§ **What needs to be done**: Your output should be the lines of the data that follow, reproduced exactly from the first through the line bearing "Двама шофьори са".

(Saved data entries)
++++

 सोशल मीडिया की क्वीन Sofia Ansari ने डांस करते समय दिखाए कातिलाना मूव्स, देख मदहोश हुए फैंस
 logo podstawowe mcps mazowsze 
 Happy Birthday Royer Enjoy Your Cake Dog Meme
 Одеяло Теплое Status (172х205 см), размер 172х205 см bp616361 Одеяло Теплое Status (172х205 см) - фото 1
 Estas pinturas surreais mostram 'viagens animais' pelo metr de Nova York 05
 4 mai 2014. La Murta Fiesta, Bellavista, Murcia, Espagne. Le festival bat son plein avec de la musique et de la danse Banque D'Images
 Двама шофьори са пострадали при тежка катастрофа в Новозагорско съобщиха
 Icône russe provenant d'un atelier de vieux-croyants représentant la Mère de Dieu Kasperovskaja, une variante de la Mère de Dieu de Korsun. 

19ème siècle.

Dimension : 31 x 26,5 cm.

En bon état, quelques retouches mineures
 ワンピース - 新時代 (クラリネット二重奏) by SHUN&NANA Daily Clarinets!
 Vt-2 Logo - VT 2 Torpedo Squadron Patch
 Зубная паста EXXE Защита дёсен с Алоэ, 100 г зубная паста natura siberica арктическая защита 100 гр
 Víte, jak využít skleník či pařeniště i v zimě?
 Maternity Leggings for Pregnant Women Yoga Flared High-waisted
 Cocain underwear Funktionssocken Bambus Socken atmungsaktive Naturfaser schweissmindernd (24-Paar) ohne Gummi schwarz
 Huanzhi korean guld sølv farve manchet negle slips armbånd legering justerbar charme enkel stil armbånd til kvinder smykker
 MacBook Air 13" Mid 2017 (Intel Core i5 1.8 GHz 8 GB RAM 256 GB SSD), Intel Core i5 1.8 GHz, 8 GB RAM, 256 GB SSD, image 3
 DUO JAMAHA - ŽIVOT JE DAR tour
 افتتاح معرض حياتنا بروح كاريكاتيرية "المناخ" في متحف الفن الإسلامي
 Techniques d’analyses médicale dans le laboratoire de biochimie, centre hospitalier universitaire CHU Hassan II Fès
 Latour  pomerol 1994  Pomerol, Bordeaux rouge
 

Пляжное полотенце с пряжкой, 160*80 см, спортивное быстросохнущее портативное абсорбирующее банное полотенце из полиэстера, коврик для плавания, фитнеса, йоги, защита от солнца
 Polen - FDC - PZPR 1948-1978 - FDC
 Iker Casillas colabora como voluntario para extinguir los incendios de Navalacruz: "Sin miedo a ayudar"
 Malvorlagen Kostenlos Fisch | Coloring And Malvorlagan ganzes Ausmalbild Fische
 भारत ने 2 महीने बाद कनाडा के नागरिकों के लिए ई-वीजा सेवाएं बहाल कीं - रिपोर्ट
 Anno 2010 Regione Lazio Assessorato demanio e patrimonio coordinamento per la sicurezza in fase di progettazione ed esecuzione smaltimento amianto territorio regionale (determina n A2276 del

++++

§ **Task result**:
 सोशल मीडिया की क्वीन Sofia Ansari ने डांस करते समय दिखाए कातिलाना मूव्स, देख मदहोश हुए फैंस
 logo podstawowe mcps mazowsze 
 Happy Birthday Royer Enjoy Your Cake Dog Meme
 Одеяло Теплое Status (172х205 см), размер 172х205 см bp616361 Одеяло Теплое Status (172х205 см) - фото 1
 Estas pinturas surreais mostram 'viagens animais' pelo metr de Nova York 05
 4 mai 2014. La Murta Fiesta, Bellavista, Murcia, Espagne. Le festival bat son plein avec de la musique et de la danse Banque D'Images
 Двама шофьори са пострадали при тежка катастрофа в Новозагорско съобщиха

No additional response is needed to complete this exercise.